Korumamız gereken başka öncelikli sektörler de var. Otomobil endüstrimiz Çin ithalatı nedeniyle tehdit altında: Hem gelecekteki üretimi (elektrikli otomobiller) geliştirmeli hem de ithalat kotaları veya gümrük vergileri uygulamalıyız. Tarımımıza gelince, bu bir trajedi: Brezilya veya başka yerlerden gelen tarım ürünlerine bu kadar bağımlı olmaya devam edemeyiz. Yerel bir tercih oluşturulmalı, örneğin kamu alımlarında (okullar, idari birimler vb.) yerel ürünlerin tüketimi teşvik edilmelidir.

Dış kaynaklara bağımlılığımızı azaltmak, hane halkı faturalarının fırlama riski taşımıyor mu?

Korumacı bir politikanın daha yüksek fiyatlara yol açacağı gerçeğini kabul etmemiz gerektiğini düşünüyorum. Serbest ticaret, tüketicilerin çıkarlarını üreticilerin çıkarlarına karşı savunmayı seçer: korumacılık dengeleri yeniden sağlar. Bununla birlikte, neoliberalizm bize beşikten itibaren herhangi bir enflasyonun satın alma gücünü öldürdüğünü öğretir ki bu ekonomik olarak doğru değildir. 2000'lerde enflasyon sıfıra yakındı, insanlar satın alma güçlerinden memnun muydu? Hayır. Tersine, 1960'larda yıllık %5 enflasyon ve satın alma gücünde artış vardı. Enflasyonu şeytanlaştırmayı bırakalım. Korumacı bahis, artan fiyatların istihdam ve ücretlerde bir artışla birlikte olacağı ve fiyatlardaki artışı telafi etmeyi mümkün kılacağıdır.
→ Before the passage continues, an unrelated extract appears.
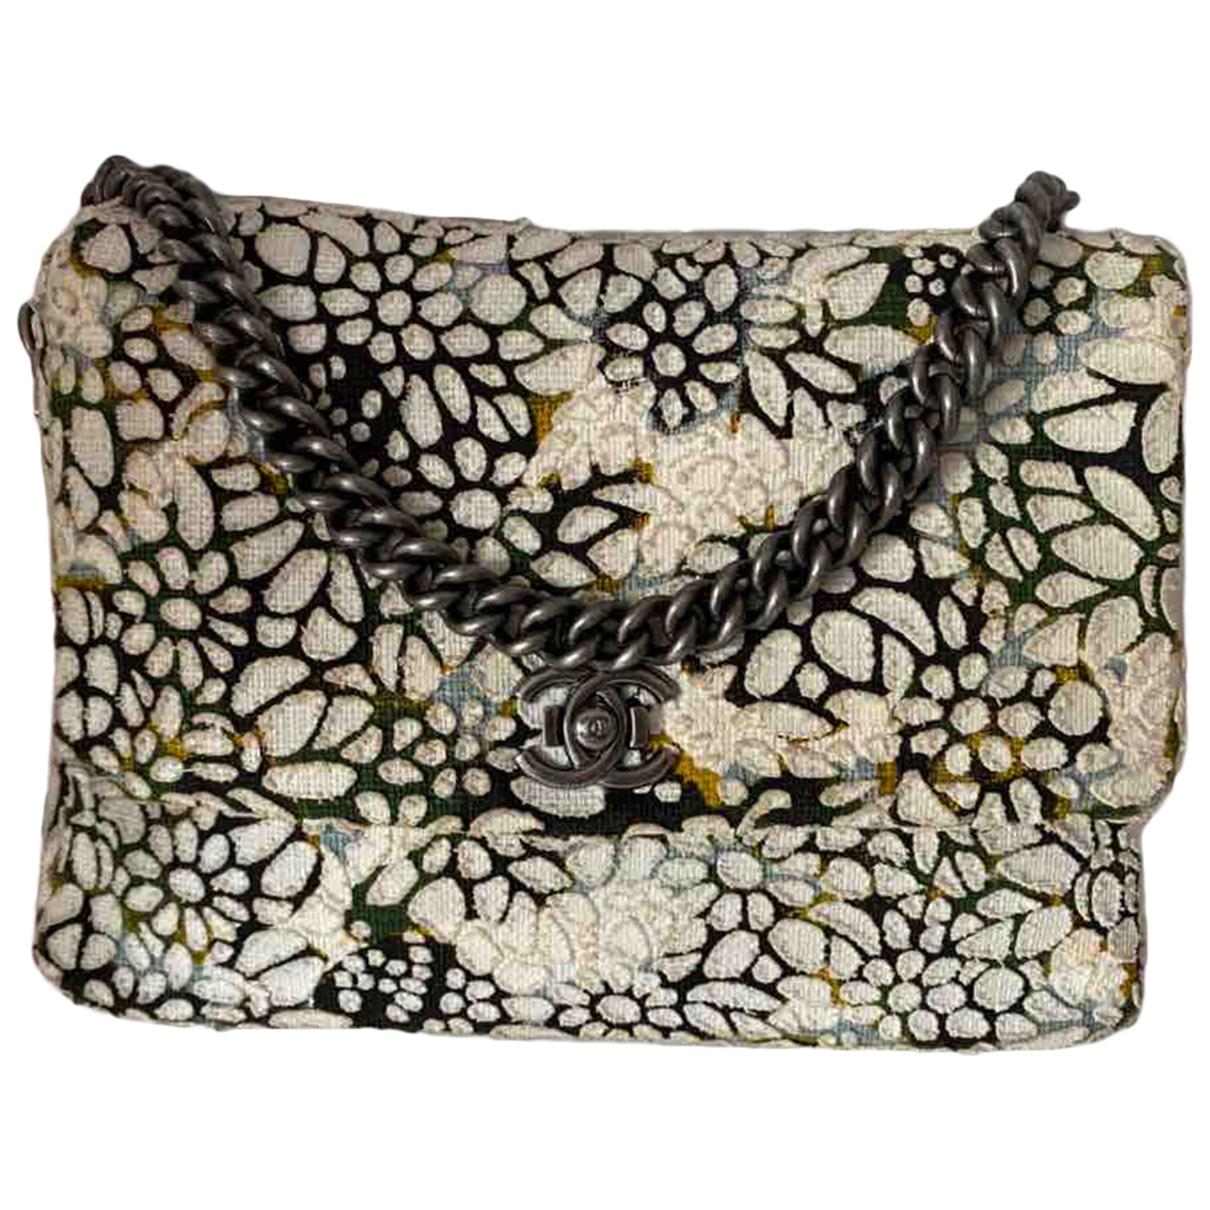 Chanel \N Handtasche in  Weiss Baumwolle
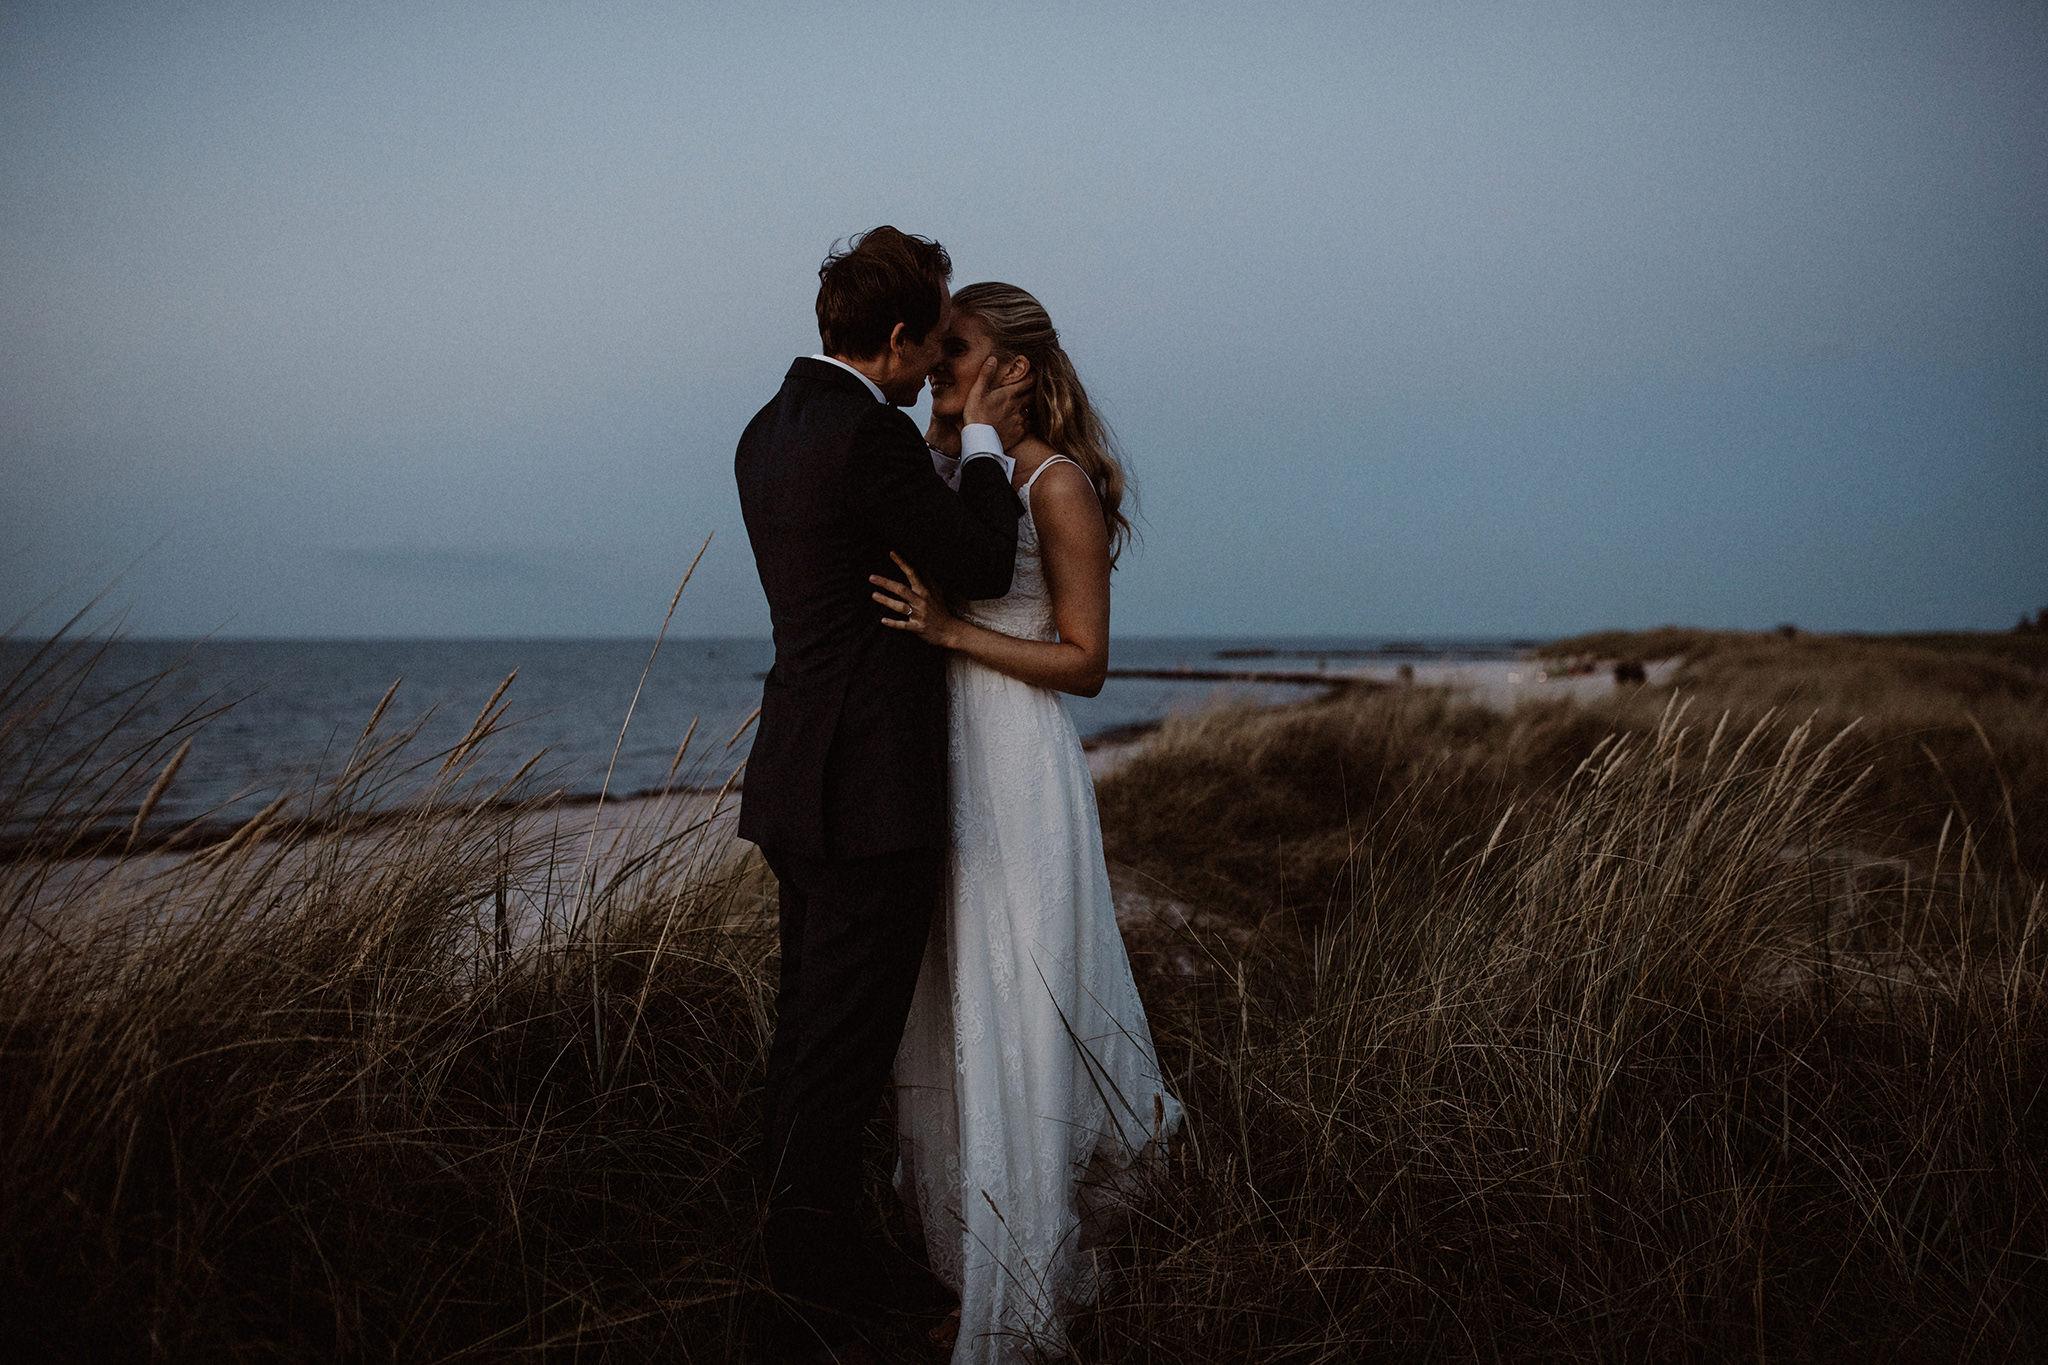 hochzeitsfotografie-kiel-norddeutschland-ostsee-afterwedding-47

Bugün Fransız medyasının %90'ının aksine, L'Humanité büyük gruplara veya milyarderlere bağımlı değil . Bu da şu anlama geliyor:

  • Size tarafsız, tavizsiz bilgiler getiriyoruz. Ama aynı zamanda
  • Diğer medya kuruluşlarının sahip olduğu maddi kaynaklara sahip değiliz.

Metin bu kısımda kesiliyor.